Robert Peston Robert Peston

How ‘freedom day’ became ‘chaos day’

Welcome to ‘freedom day’, or more properly ‘chaos day’ – with businesses warning they can’t operate because too many employees are being ‘pinged’ and told to isolate, and the clinically extremely vulnerable terrified to leave their homes for fear no one will be wearing a mask.

The funny thing is that all this madness was foreseeable. Because, as the PM himself said only a week ago, the surge in infections is almost exactly what his epidemiological advisers on Sage have been forecasting.

But the government is behaving as though all this mess is just an accident, one of those things. It wasn’t. It was the choice of Boris Johnson and his cabinet.

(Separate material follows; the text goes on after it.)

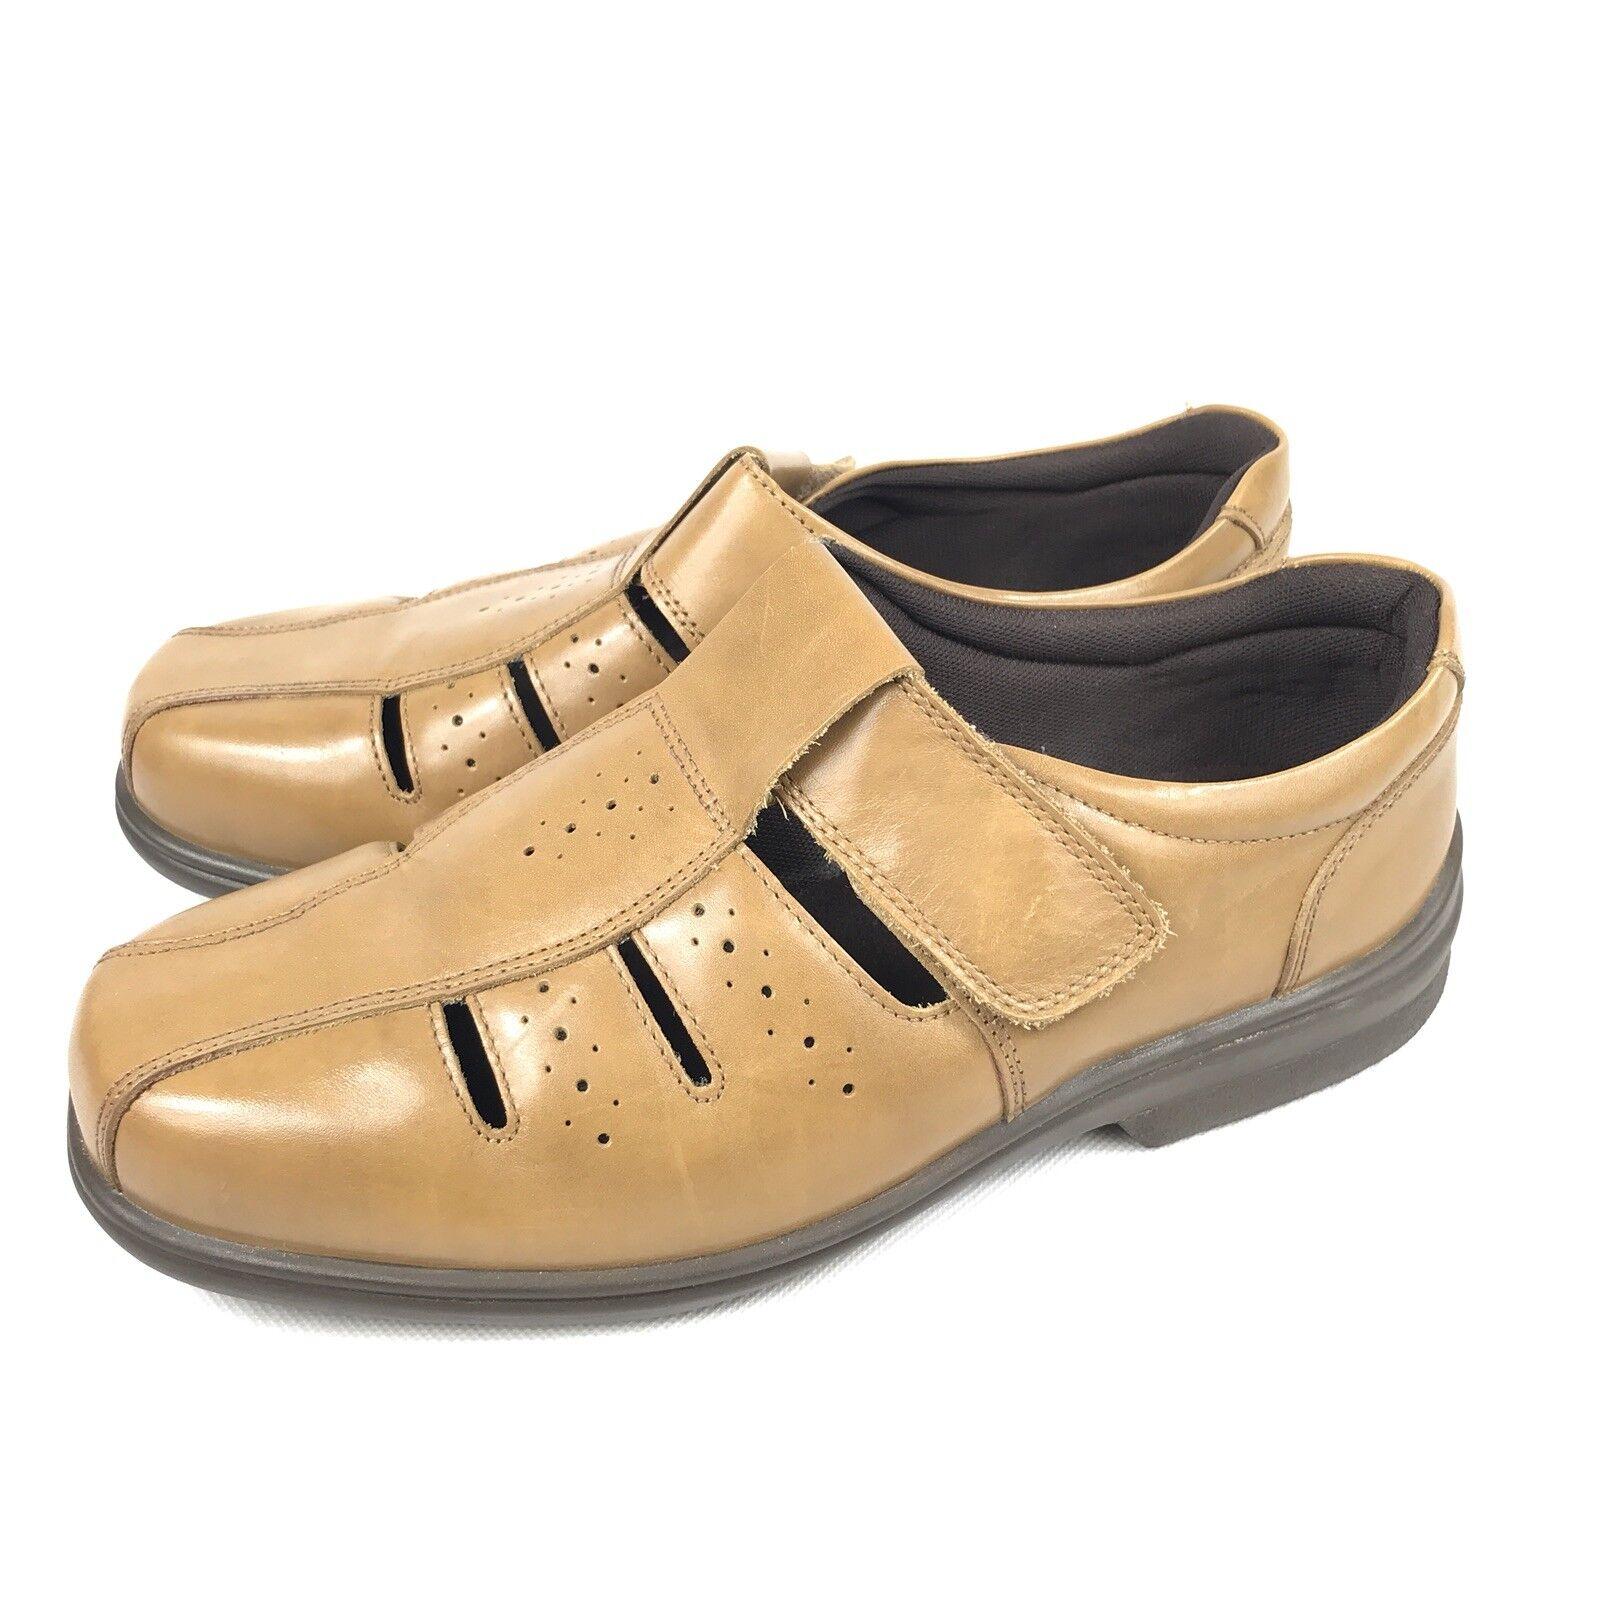 Cosyfeet Floyd Extra Confort Para Hombre Marrón espacioso zapatos talla UK 11 pies hinchados

They could have absorbed the implications of the infections forecast, made months ago, and decided to keep the law on mask-wearing in place a bit longer. They opted against.

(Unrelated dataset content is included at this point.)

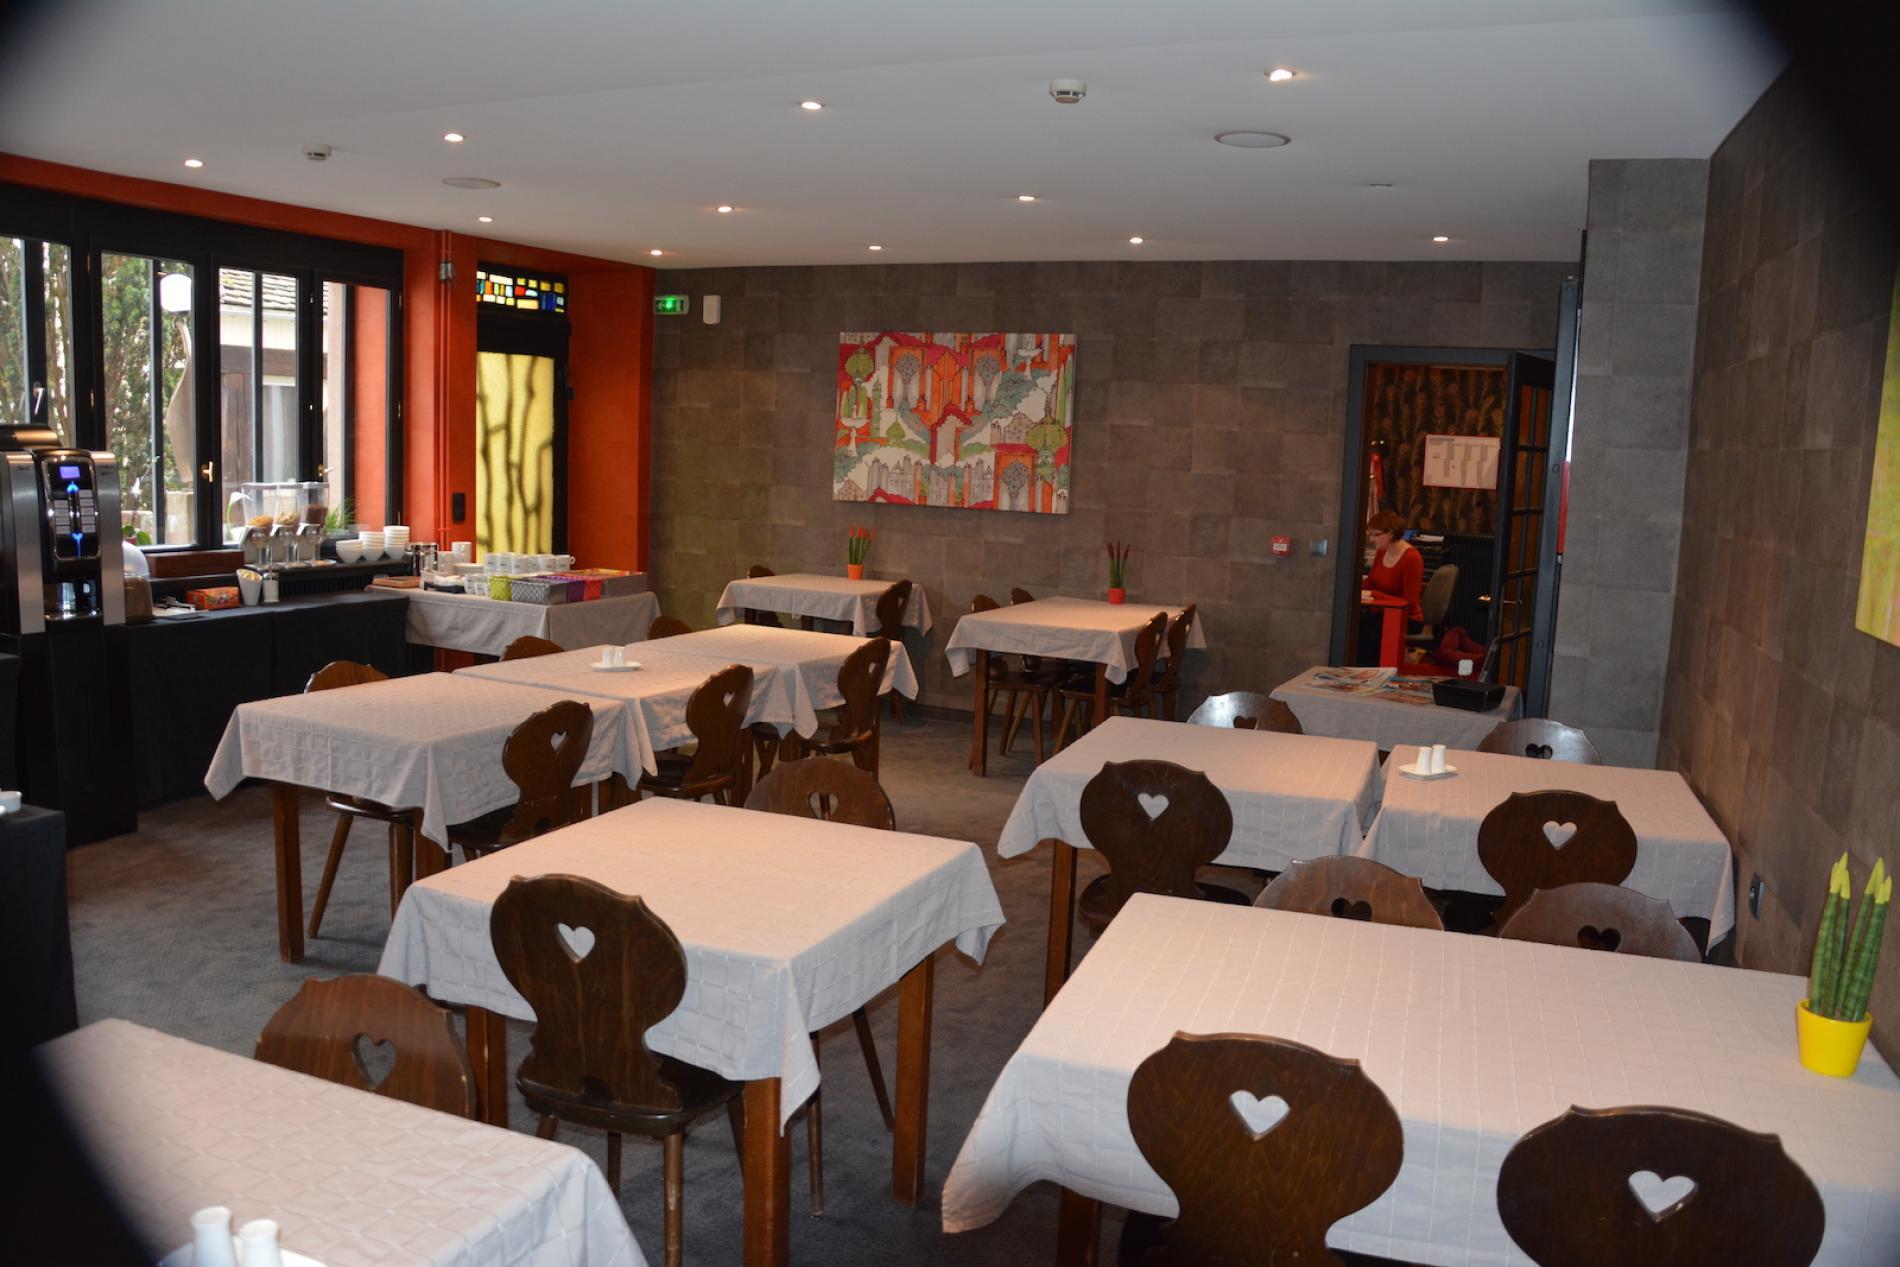 Hôtel du Centre, Logis Cosy à Molsheim<br> La salle du petit-déjeuner

They could have thought about the risks to business of not being able to plan staffing levels and turned the infamous pilot, where daily lateral flow testing replaces ten-day quarantine, into a national prophylactic scheme.

They haven’t.

They could have compelled highly social businesses, like nightclubs, to only admit the double-vaxxed or those with proof of a negative antigen test.

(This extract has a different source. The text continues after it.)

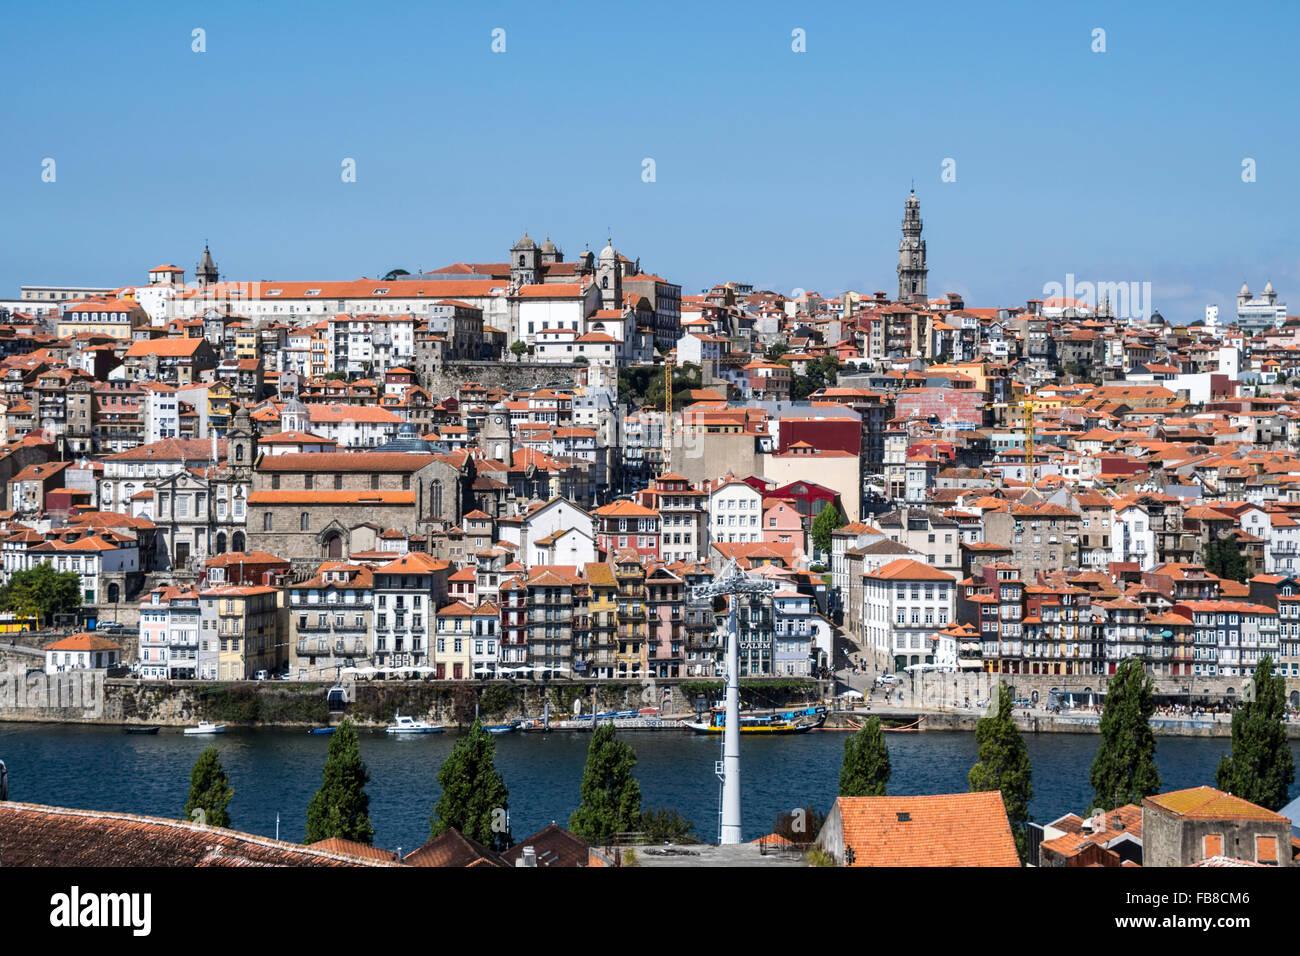 Porto, Oporto, Portugal - Stock Image

Boris Johnson’s MPs wanted today’s freedoms, irrespective of the data or the cost

They opted for advice not compulsion.

It is almost as if they are shocked that their own infections forecast came true, as if Gove’s contemptuous dismissal of ‘experts’ during the Brexit referendum is a way of governing.

But imagine if the Bank of England said ‘we’ve got this sophisticated and expensive economic forecasting department, but we’ll ignore what they say and instead set interest rates at the rate we think in our bones is what’s right for British people.’

We’d all think the governor had gone barmy.